Der Partei- und Fraktionsvorsitzende der LINKEN, Oskar Lafontaine, forderte ein „soziales Konjunkturprogramm“ und existenzsichernde Einkommen für alle. Steuergelder zur Rettung von Betrieben müssten in Belegschaftsbeteiligungen umgewandelt werden, damit die Belegschaften Arbeitsplätze selbst verteidigen und wirkliche Mitbestimmung ausüben könnten. „Lassen wir uns nicht spalten, die Linke muss zusammenstehen, sonst werden die Menschen die Krise bezahlen, die sie nicht angerichtet haben“, rief Lafontaine einem „schwarzen Block“ in der Kundgebung zu, der mit Trillerpfeifen und Eierwürfen lautstark gegen seine Präsenz protestierte. Auf diesen Zwischenfall waren gestandene Gewerkschafter und Mitglieder der LINKEN vorbereitet: sie bildeten vor der Tribüne mehrere Ketten und sorg ten nach eigenen Angaben dafür, dass es bei der Geräuschkulisse und kleineren Rempeleien und Handgemengen blieb.

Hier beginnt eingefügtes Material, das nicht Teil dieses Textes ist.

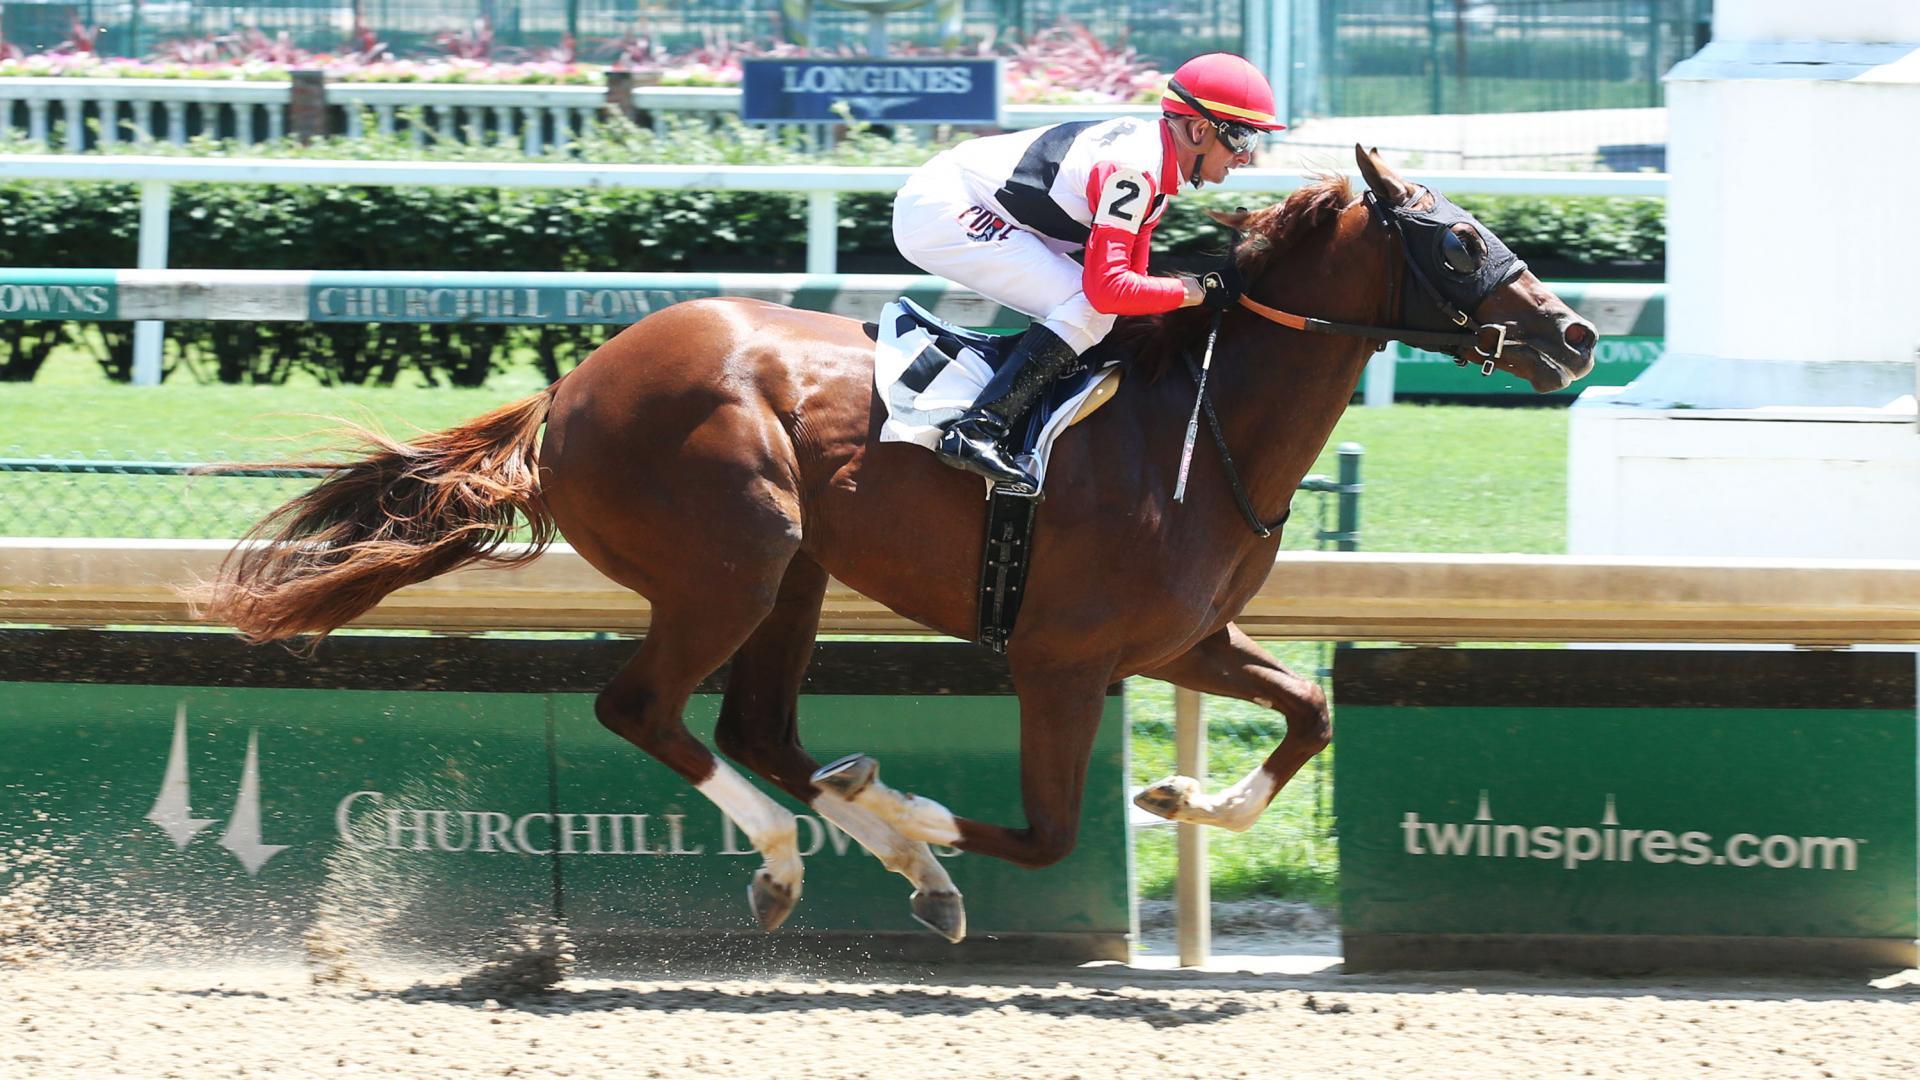 Scabbard race horse

Aktivisten der ver.di-Jugend beerdigten mit Sarg und Blumengebinde schon einmal symbolisch den Kapitalismus und wollen sich nach eigenen Angaben ab sofort über eine andere Gesellschaftsordnung Gedanken machen. Viele Gewerkschafter nahmen positive Eindrücke von der Veranstaltung mit nach Hause – so etwa ein Mitglied der IG BCE aus Heilbronn: „Wir müssen Gerechtigkeit auch gegen die Obrigkeit durchsetzen und bundesweit in jeder Stadt auf die Straße gehen“.